There is also a folk belief that man and woman were originally united, but Satan tore off the woman so that only part of the genitals remained in both. Since then, people have been striving to reunite, from which children are born.

A West Ukrainian legend says that God cursed Eve to give birth in agony, and after death she carried the eggs of as many people as were born on the earth. God cut the eggs in half and threw them on the ground: boys were born from one half and girls from the other. Some halves of the first people fell into a swamp or ravine and died there. That's why some people are lonely.

In Slavic folk culture, laryngeal prominence is called Adam's apple, the forbidden fruit that Adam swallowed. It got stuck in his throat, forming a laryngeal prominence. Eve, after swallowing the fruit, felt attracted to Satan. From the union with Satan was born Cain, from the union with Adam was born Abel. As a result, all idolaters are descended from Cain. According to another version, from union with Satan is born an offspring with twelve or seven heads, only one of which is human, and the rest are animal. Satan promises Adam to eat the extra heads if he gives him all his earthly offspring.

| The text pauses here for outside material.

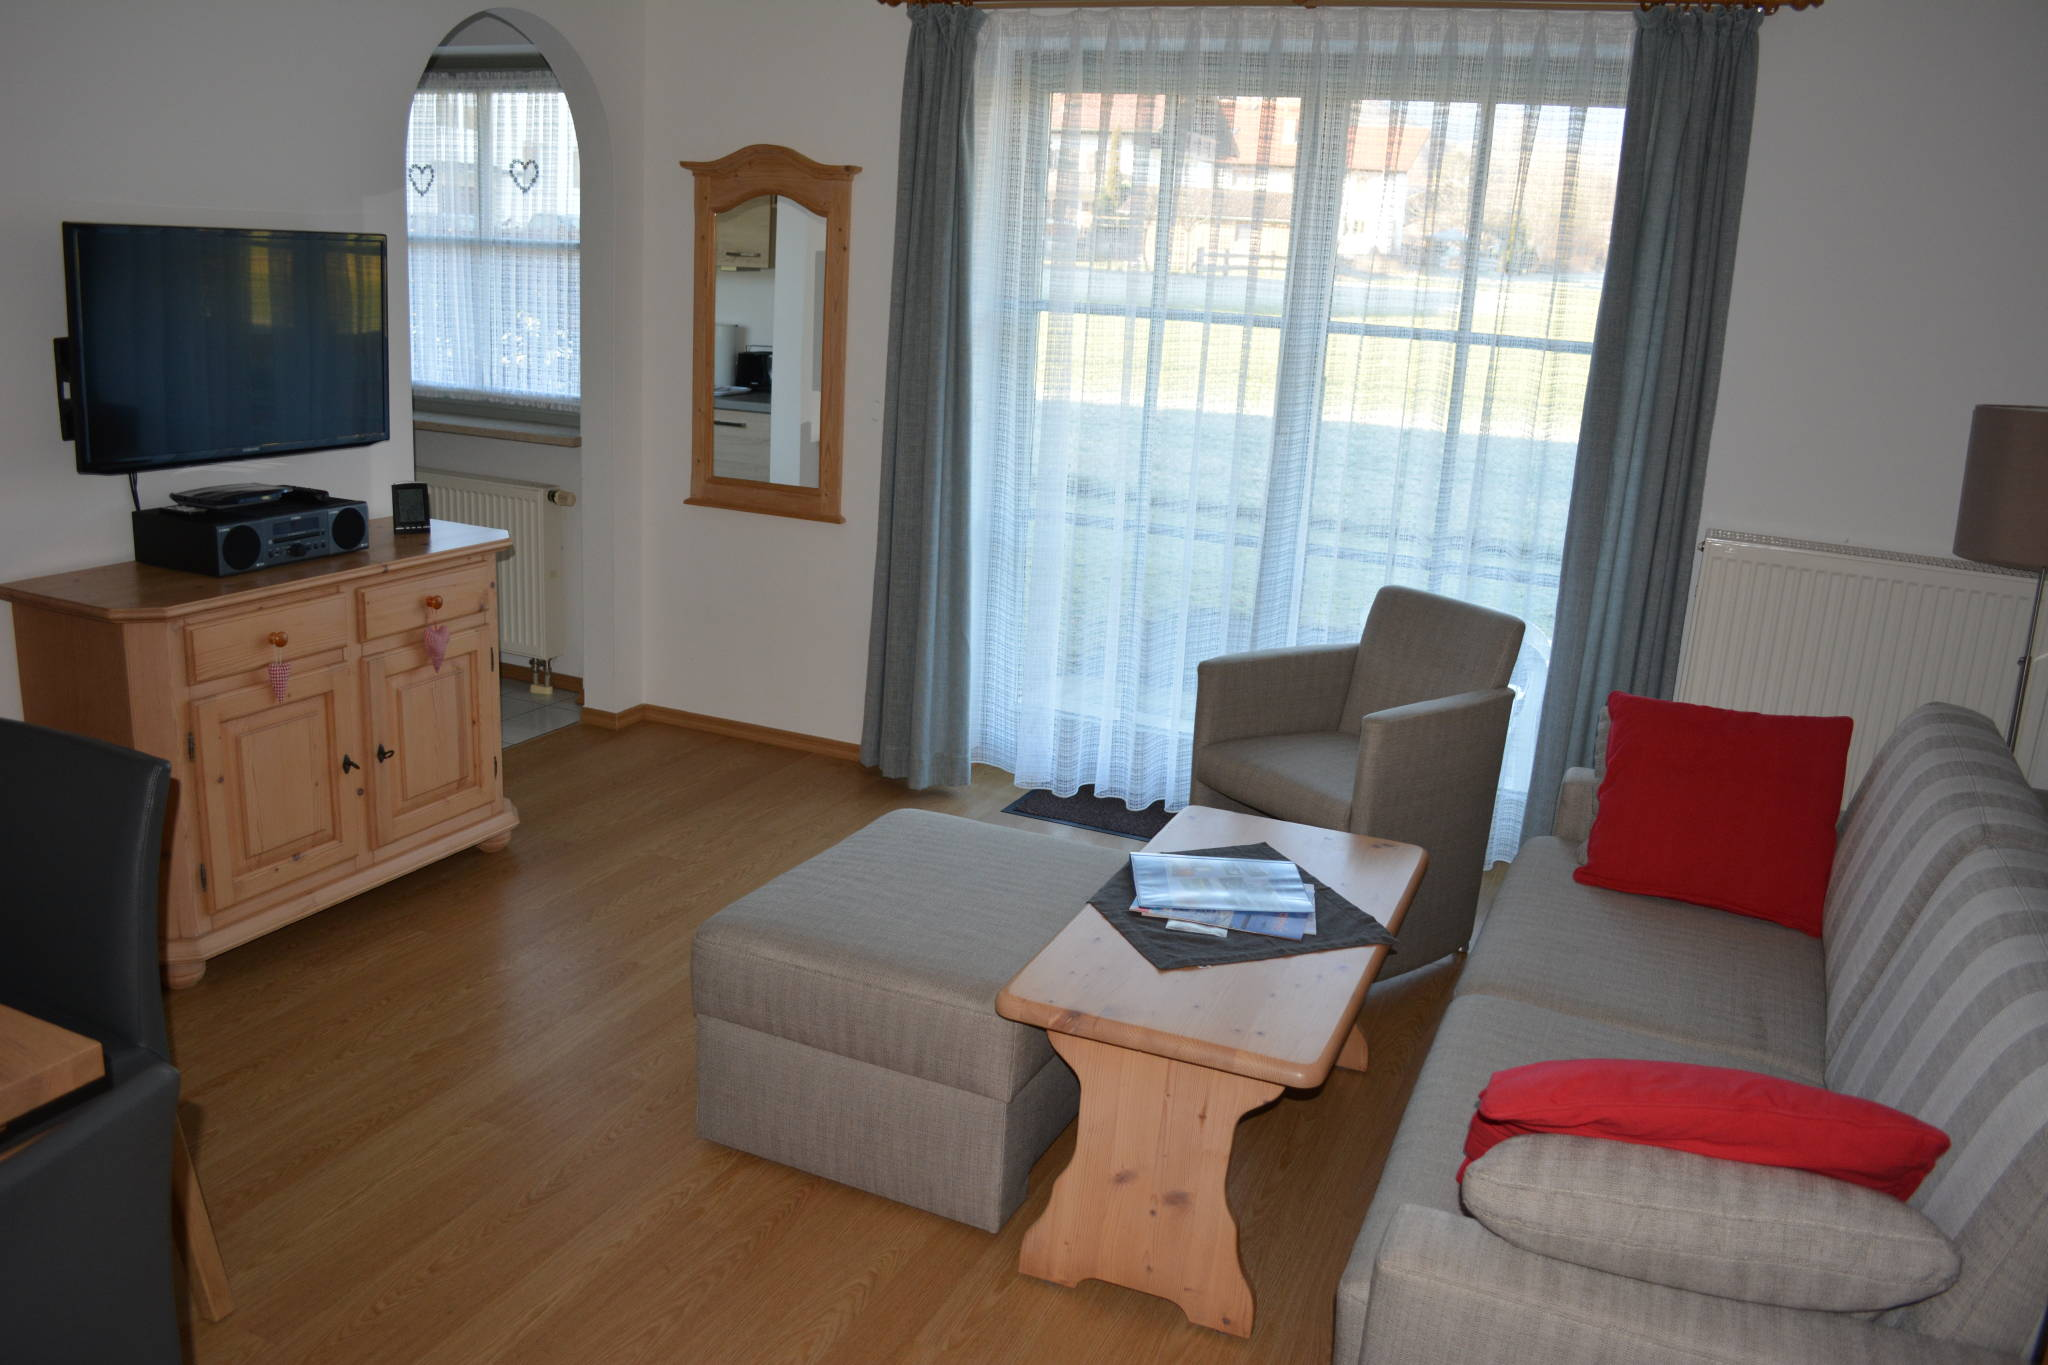 Der Wohnraum mit Küche und Essecke

One of the popular folklore motifs among the Slavs is that of the callused skin of the people that covered them before the fall. Thus, in a Russian legend, after the callused skin falls off, Adam asks to leave some of the eternal skin on his fingers as a reminder of his lost immortality. In one Bulgarian variant, Adam and Eve were covered with hair before the fall. A similar tale of callused skin is common among the Baltic peoples. Historian Sergey Alekseev believes that this folk motif is of Proto-Slavic origin and was originally understood to mean that skin protected people, but did not allow reproduction, and because of the desire to leave offspring, people lost their defenses. This myth may have been borrowed by the Balto-Slavs from the east, from peoples of the Uralic family, which is widespread there and devoid of any biblical references.